Aggregation along specific axes in NumPy - Time & Space Complexity
When we use numpy to add or average numbers along rows or columns, it takes some time depending on the data size.
We want to know how this time grows as the data gets bigger.
Analyze the time complexity of the following code snippet.
import numpy as np
arr = np.random.rand(1000, 500)
sum_rows = np.sum(arr, axis=1)
sum_cols = np.sum(arr, axis=0)
mean_rows = np.mean(arr, axis=1)
mean_cols = np.mean(arr, axis=0)
This code creates a 2D array and calculates sums and averages along rows and columns.
Identify the loops, recursion, array traversals that repeat.
- Primary operation: Adding or averaging all elements along one axis (rows or columns).
- How many times: For each row or column, numpy visits every element once.
When the array size grows, the number of elements to add or average grows too.
| Input Size (rows x cols) | Approx. Operations |
|---|---|
| 10 x 10 | 100 additions |
| 100 x 100 | 10,000 additions |
| 1000 x 1000 | 1,000,000 additions |
Pattern observation: The operations grow roughly with the total number of elements in the array.
Time Complexity: O(n * m)
This means the time grows proportionally to the total number of elements in the array.

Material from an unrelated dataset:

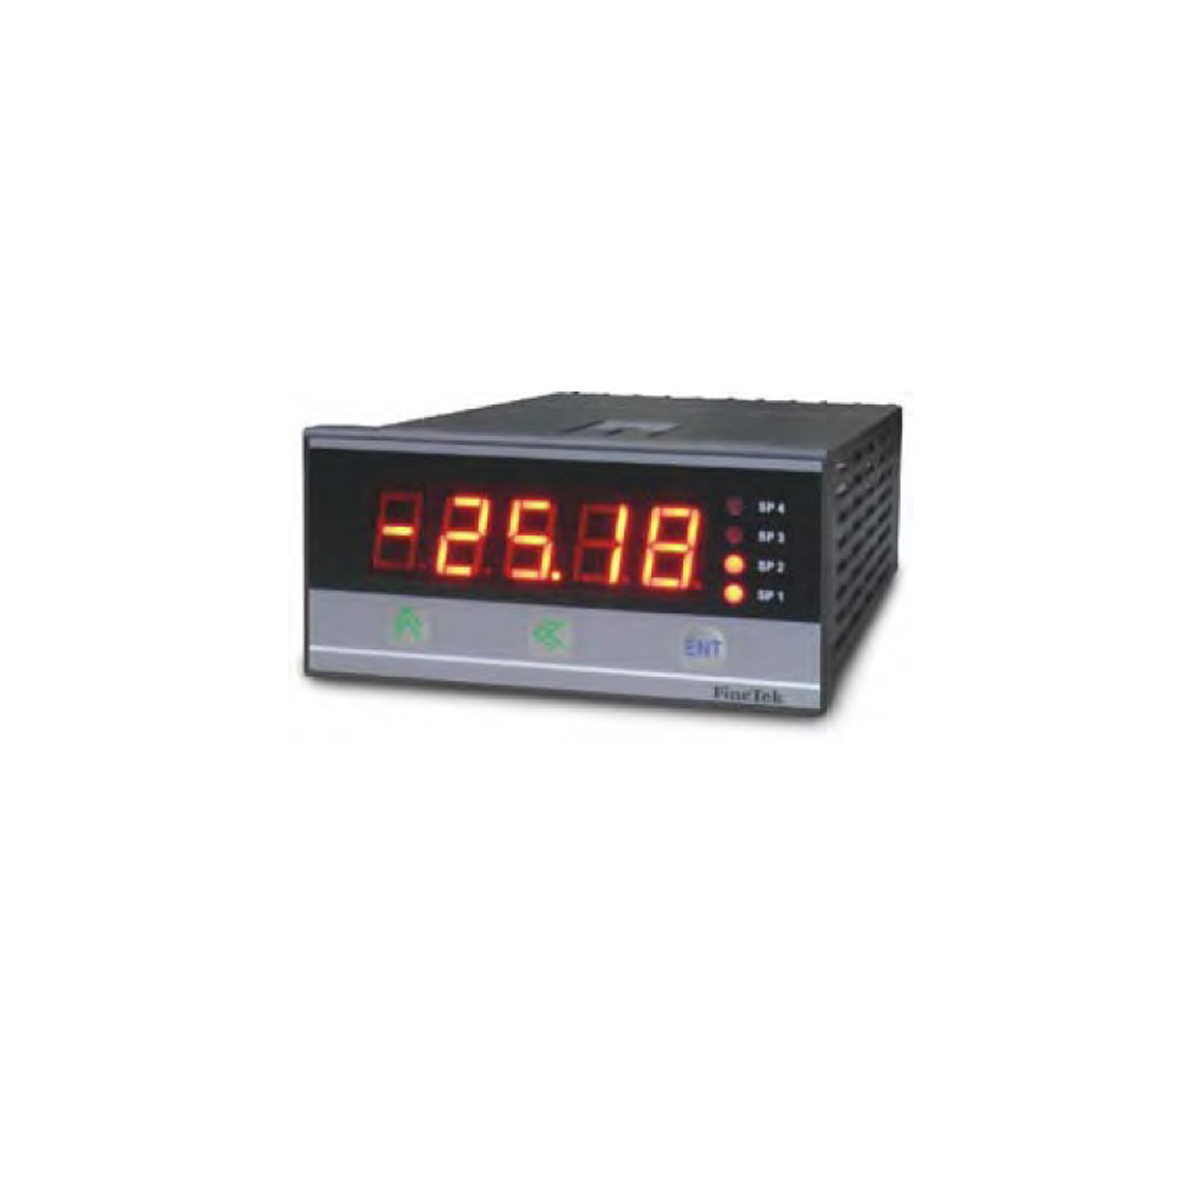 SANGI PM1530 Series แบบมิเตอร์ติดแผงสำหรับงานวัดระดับ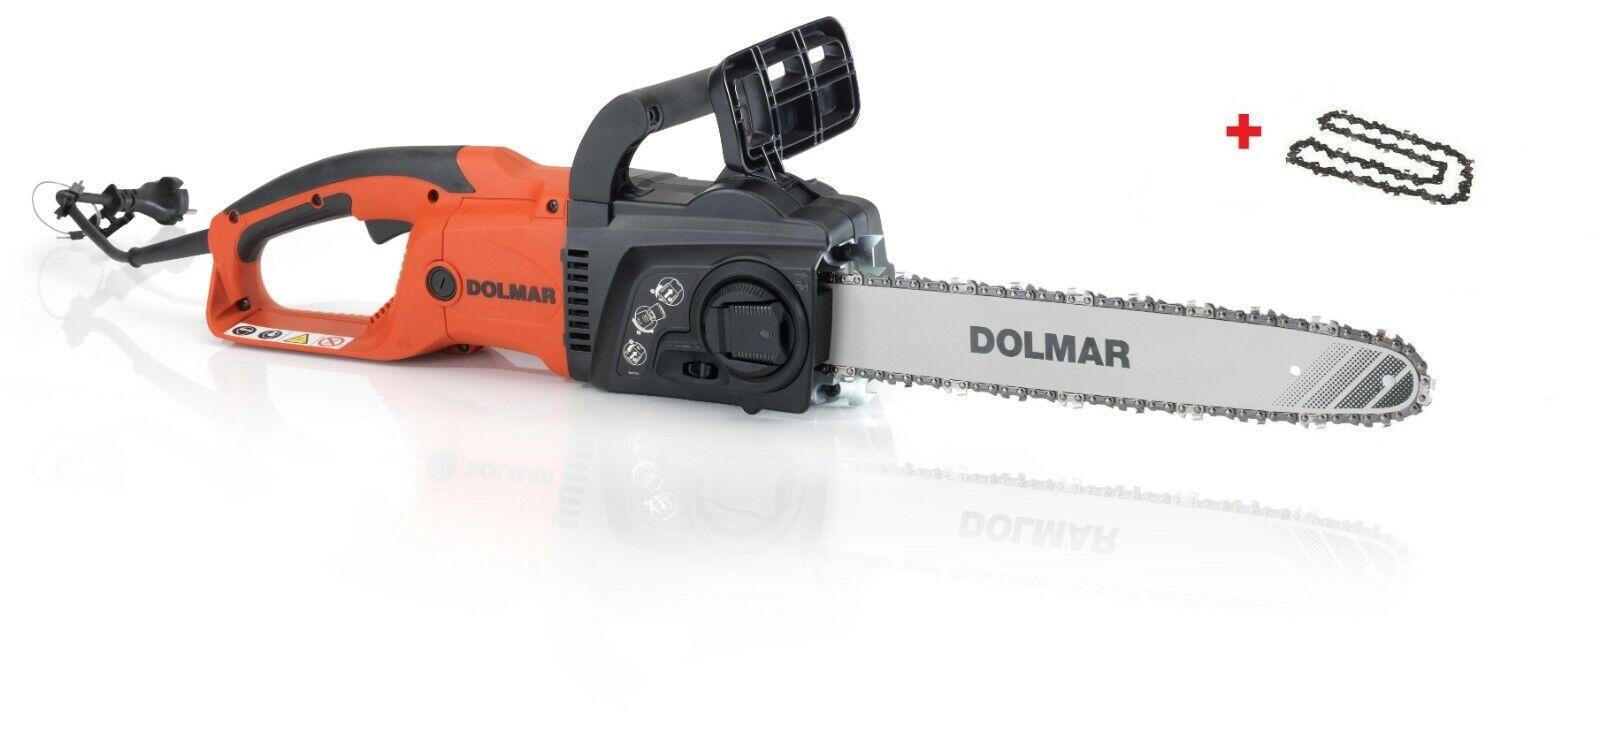 DOLMAR Elektro Kettensäge ES164TLC X-35 inkl. 2. Kette 1900W, ES164 NEU und OVP

[X] Wrong: "Summing along one axis only takes time proportional to the number of rows or columns, not the whole array."
[OK] Correct: Even when summing along one axis, numpy must visit every element in that axis, so it still processes all elements in the array.
Understanding how numpy processes data helps you explain performance in real tasks like data analysis or machine learning.
"What if we used numpy's sum on a 3D array along one axis? How would the time complexity change?"